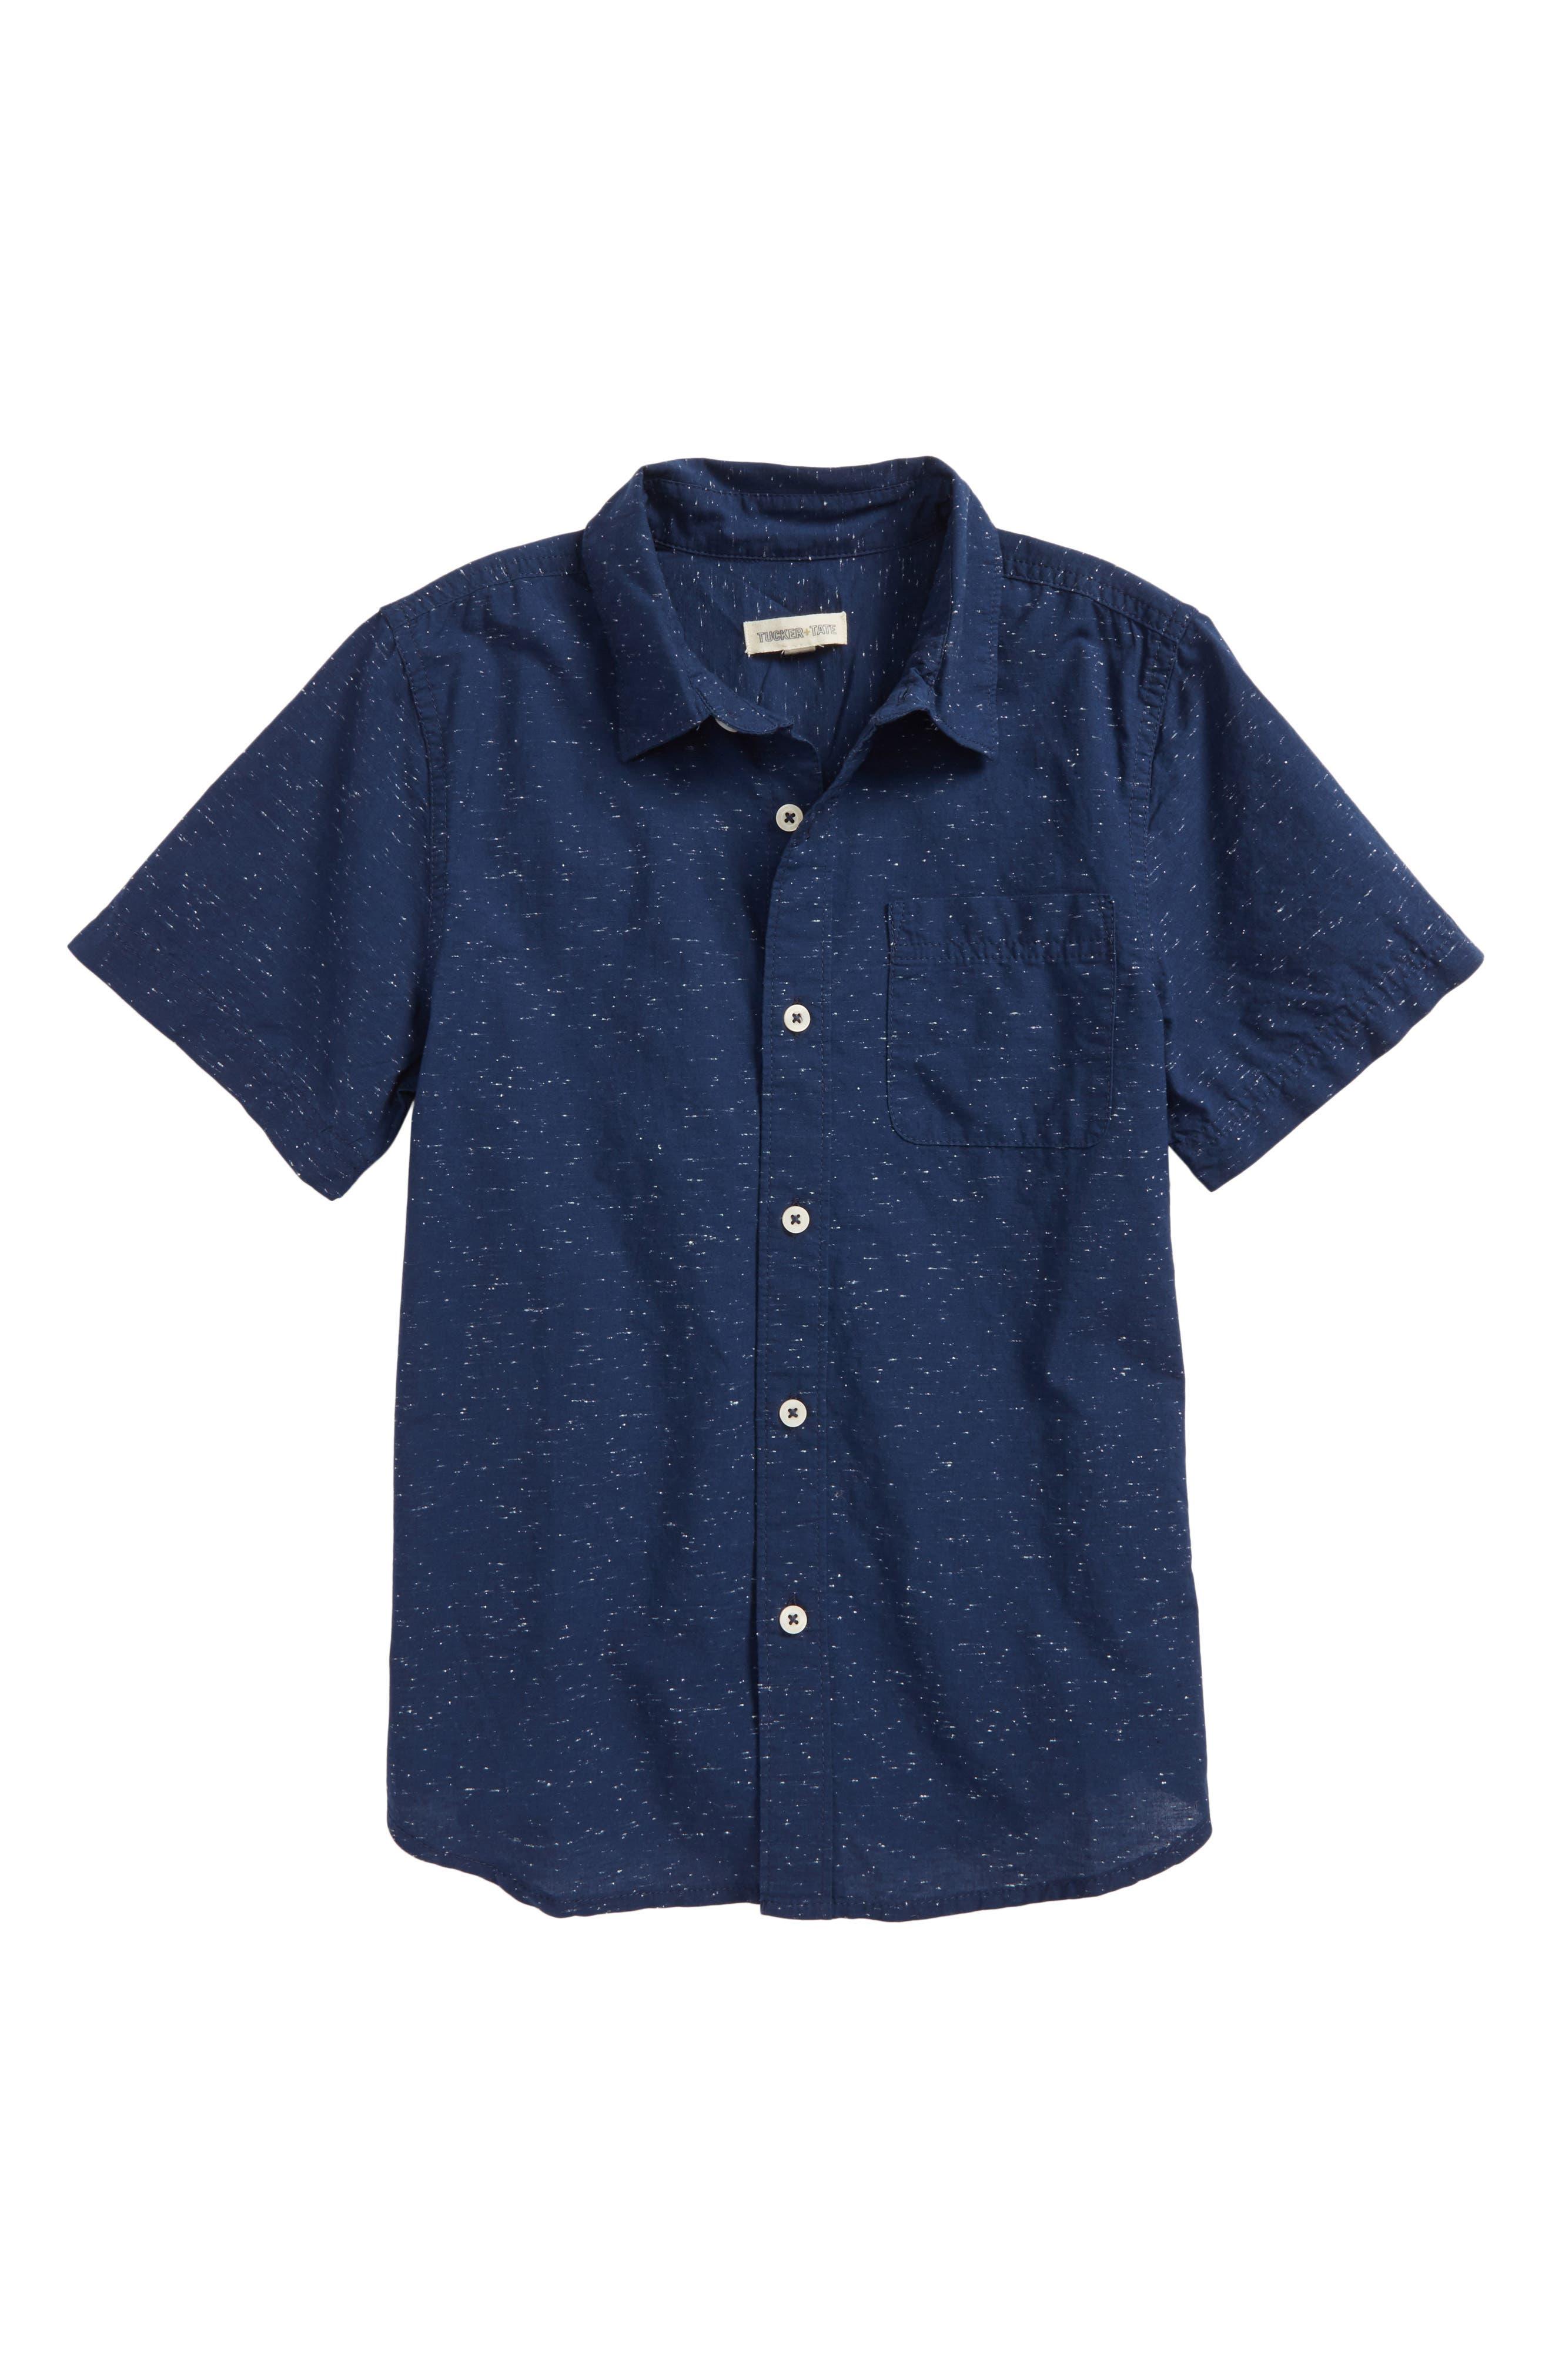 Slub Woven Shirt,                         Main,                         color, Navy Denim
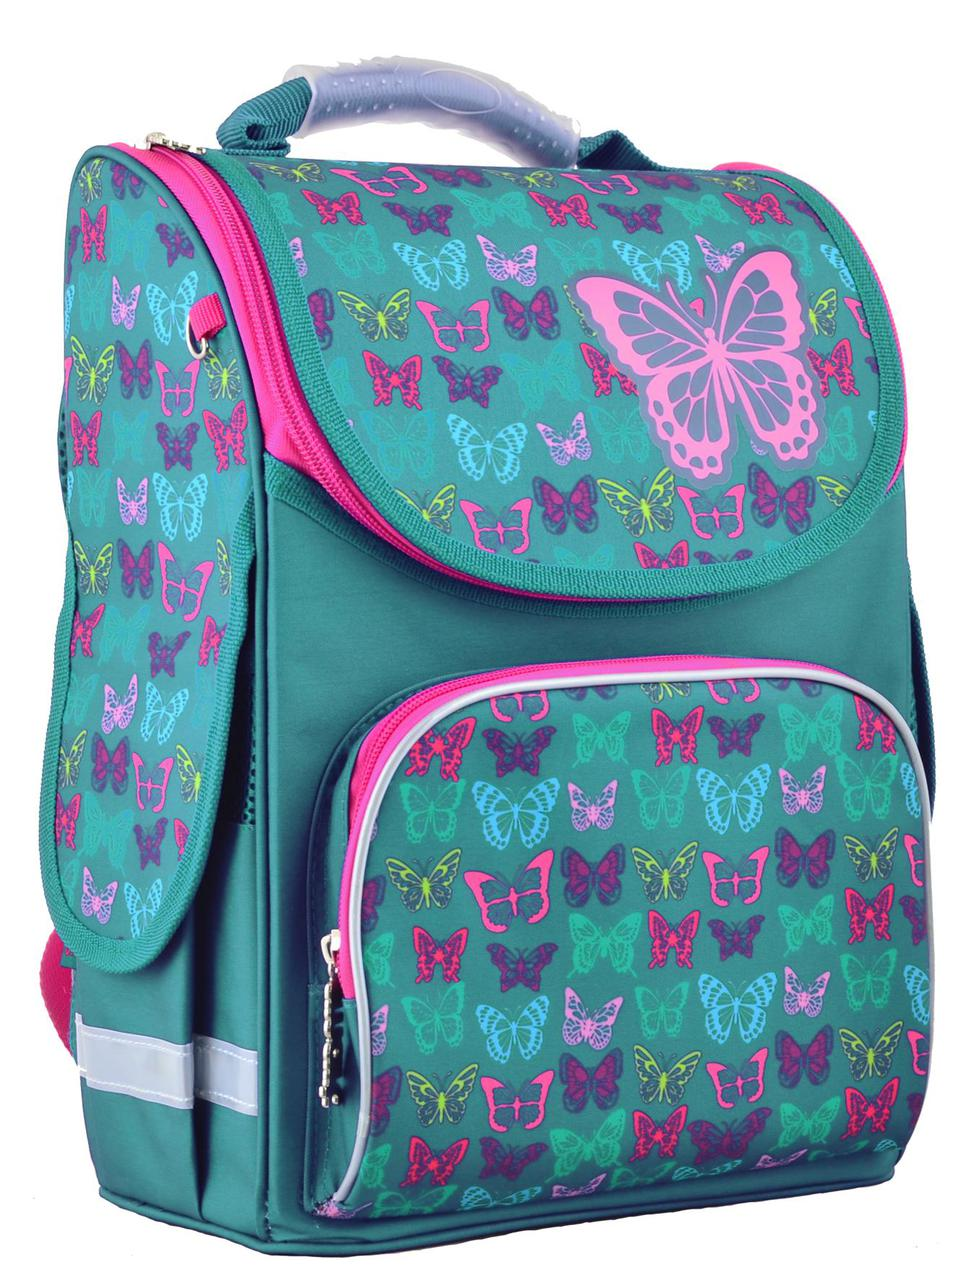 Рюкзак каркасный, Butterfly turquoise, 34*26*14 см, PG-11, Smart, 554449
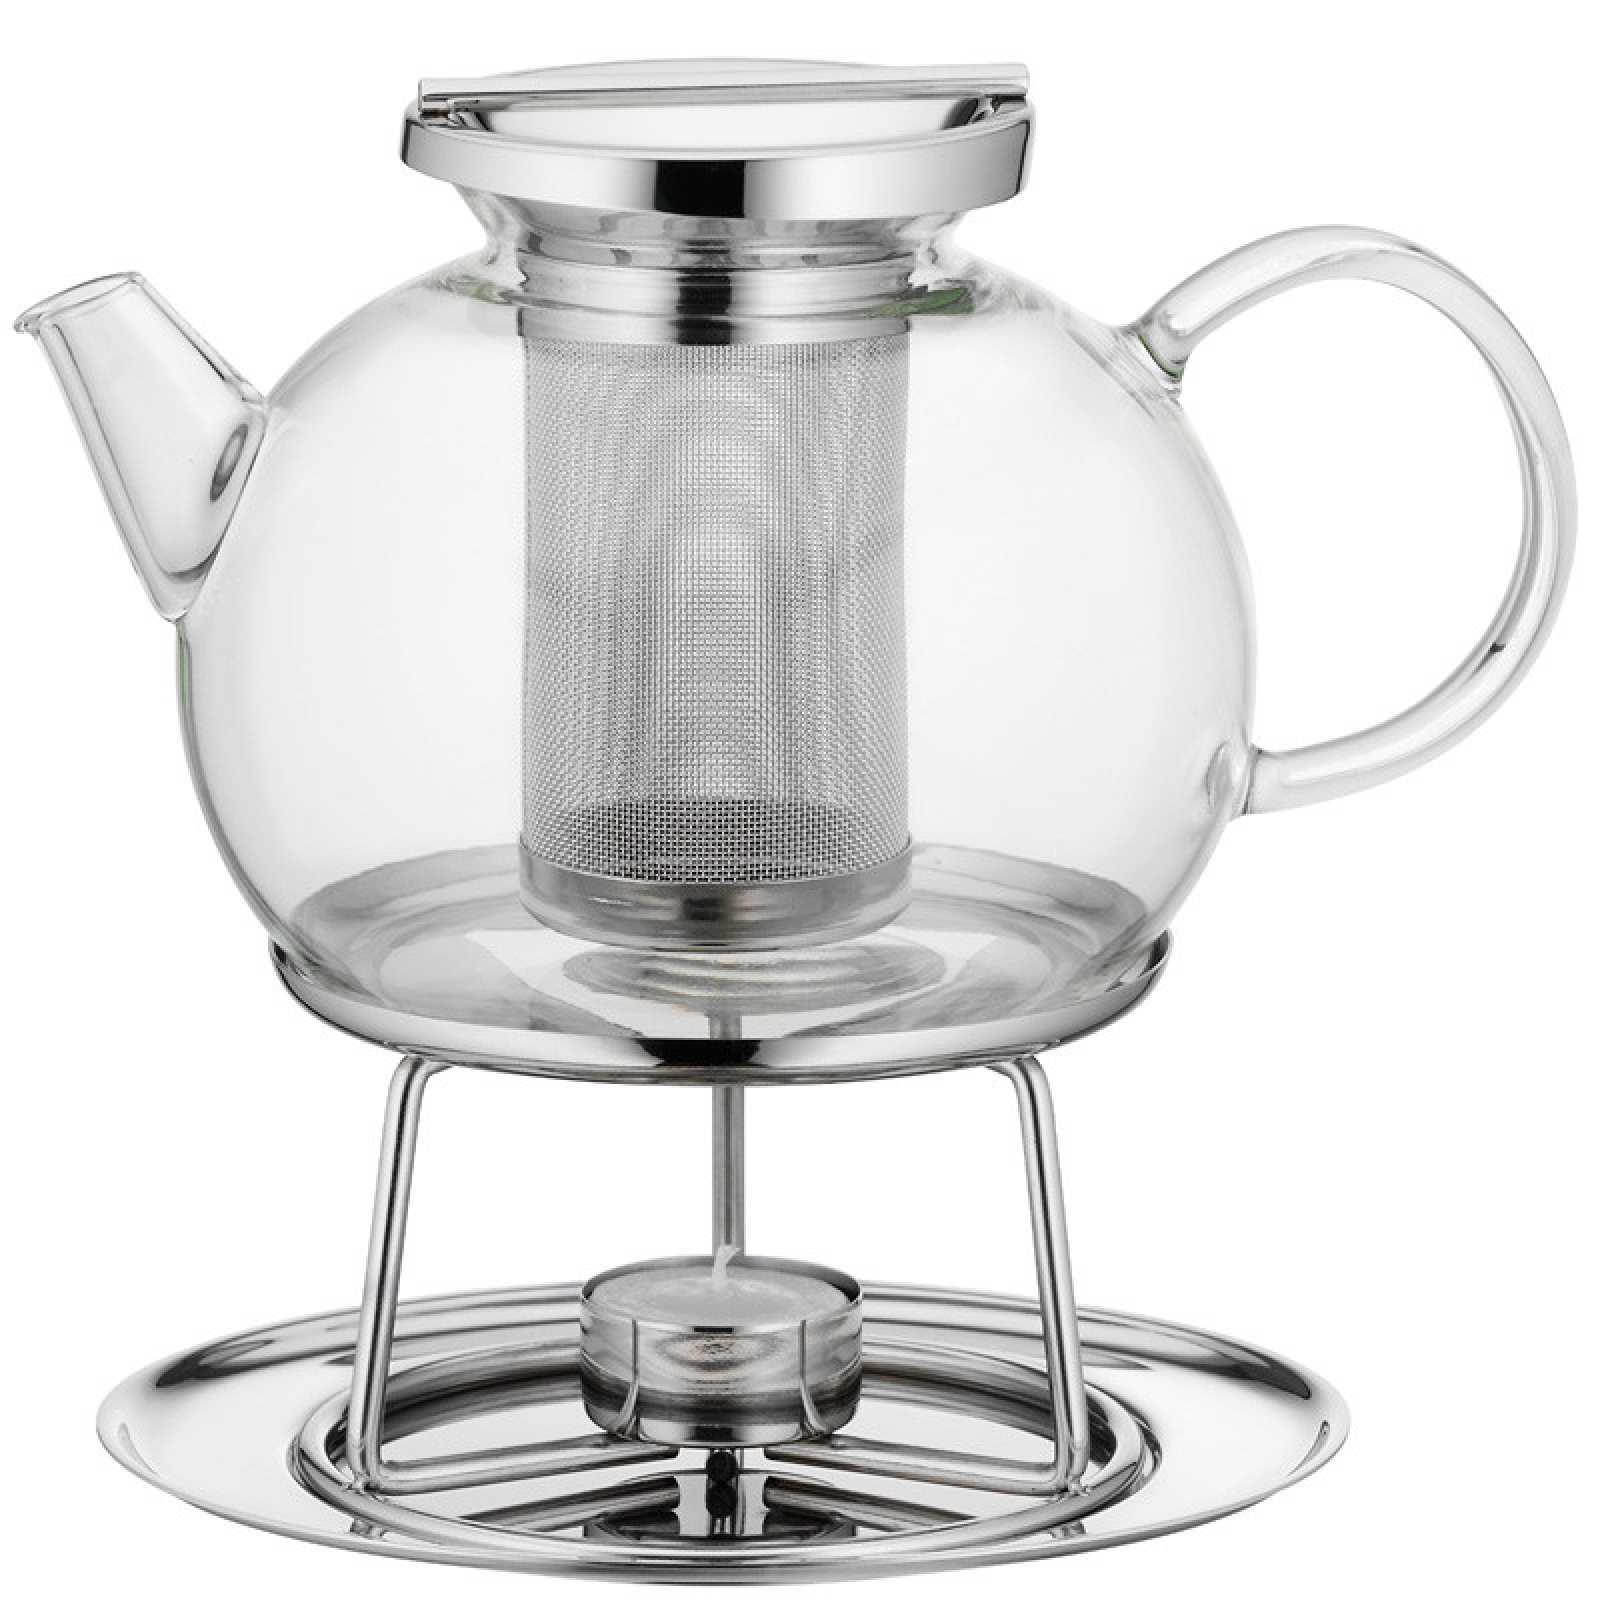 Онлайн каталог PROMENU: Чайник заварочный с подогревом WMF, объем 0,75 л, прозрачный WMF 06 3080 6040

****************

EXERCISE GOAL: Starting at the line that holds "Рюкзак каркасный, Butterfly", repeat every line through the end of the listing exactly as written, skipping any picture.

EXERCISE ANSWER:
 Рюкзак каркасный, Butterfly turquoise, 34*26*14 см, PG-11, Smart, 554449
 Онлайн каталог PROMENU: Чайник заварочный с подогревом WMF, объем 0,75 л, прозрачный WMF 06 3080 6040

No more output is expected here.